Hyponatraemia
Summary
Hyponatraemia (serum Na+ less than 135 mmol/L) is the most common electrolyte disorder. Clinical assessment of volume status is key to diagnosis and management. SIADH (euvolaemic hyponatraemia) is a common cause.

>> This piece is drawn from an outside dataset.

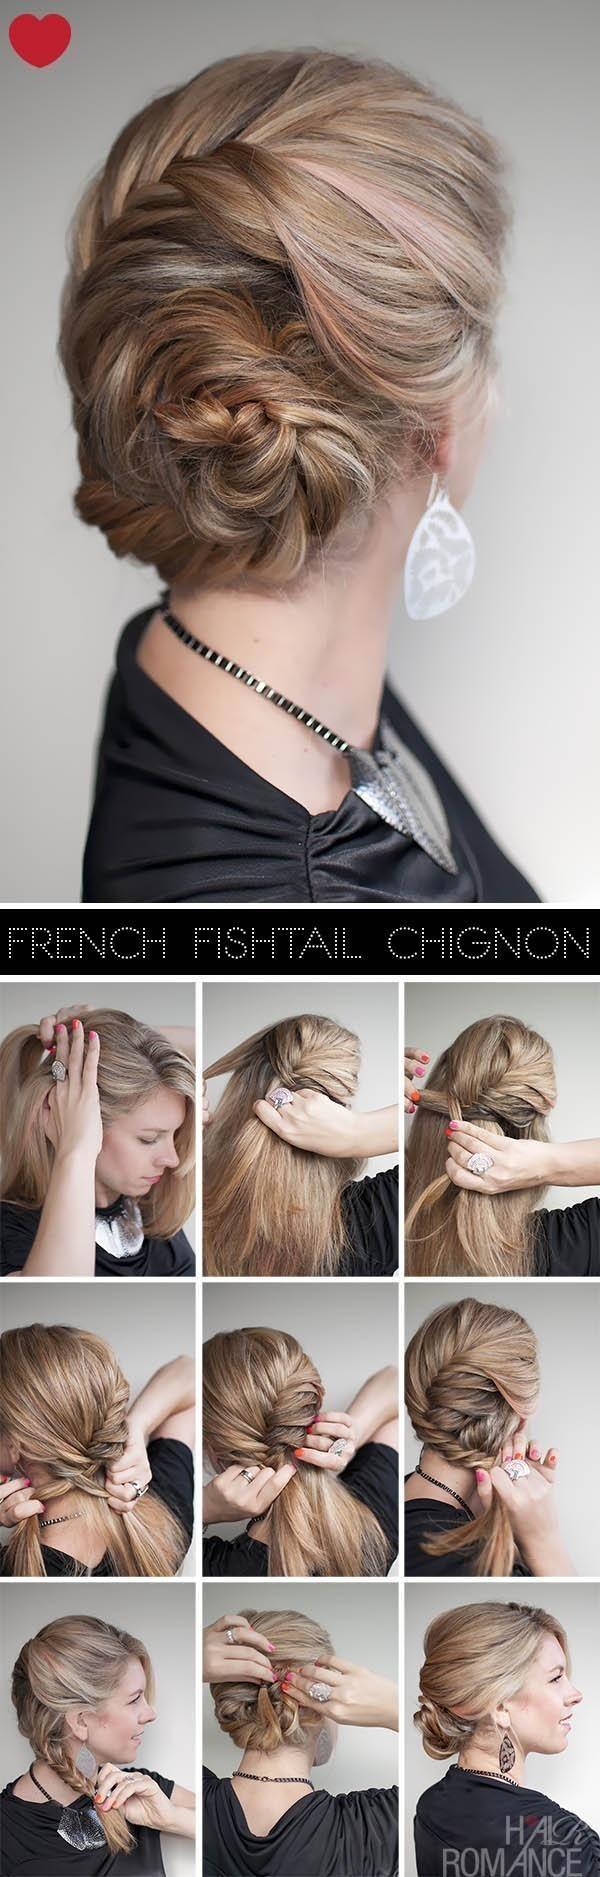 best saç tasarım ve modeller images on pinterest hair

Severe symptomatic hyponatraemia requires urgent treatment with hypertonic saline, but correction must be slow (max 8-10 mmol/L in 24h) to avoid osmotic demyelination syndrome.
Key Facts
- Definition: Serum Na+ less than 135 mmol/L
- Incidence: 15-30% of hospitalised patients
- Pathognomonic: Low serum osmolality + assessment of volume status
- Gold Standard Investigation: Serum/urine osmolality, urine Na+
- First-line Treatment: Treat underlying cause; fluid restrict for SIADH
- Prognosis: Good if managed carefully; ODS if corrected too fast
Clinical Pearls
Volume Pearl: Assess volume status - hypovolaemic, euvolaemic, hypervolaemic.
SIADH Pearl: SIADH = euvolaemic + concentrated urine + low serum osmolality.
Correction Pearl: Never correct faster than 8-10 mmol/L in 24h - risk of ODS.
| Volume | Causes |
|---|---|
| Hypovolaemic | GI losses, diuretics, Addison's |
| Euvolaemic | SIADH, hypothyroidism, psychogenic polydipsia |
| Hypervolaemic | Heart failure, cirrhosis, nephrotic syndrome |
Algorithm

Symptomatic/Severe
| Intervention | Details |
|---|---|
| Hypertonic saline | 3% NaCl 100-150ml bolus |
| Target | Raise Na+ by 4-6 mmol in first hours |
SIADH
- Fluid restriction (750-1000ml/day)
- Treat underlying cause
- Vaptans (tolvaptan) if refractory
Correction Limits
- Maximum 8-10 mmol/L in 24h
- Maximum 18 mmol/L in 48h
- Spasovski G et al. Clinical practice guideline on diagnosis and treatment of hyponatraemia. Eur J Endocrinol. 2014;170(3):G1-47. PMID: 24569125
Viva Points
"Hyponatraemia: assess volume status. SIADH = euvolaemic + concentrated urine. Severe symptoms = hypertonic saline. Correct slowly (8-10mmol/24h) to avoid ODS."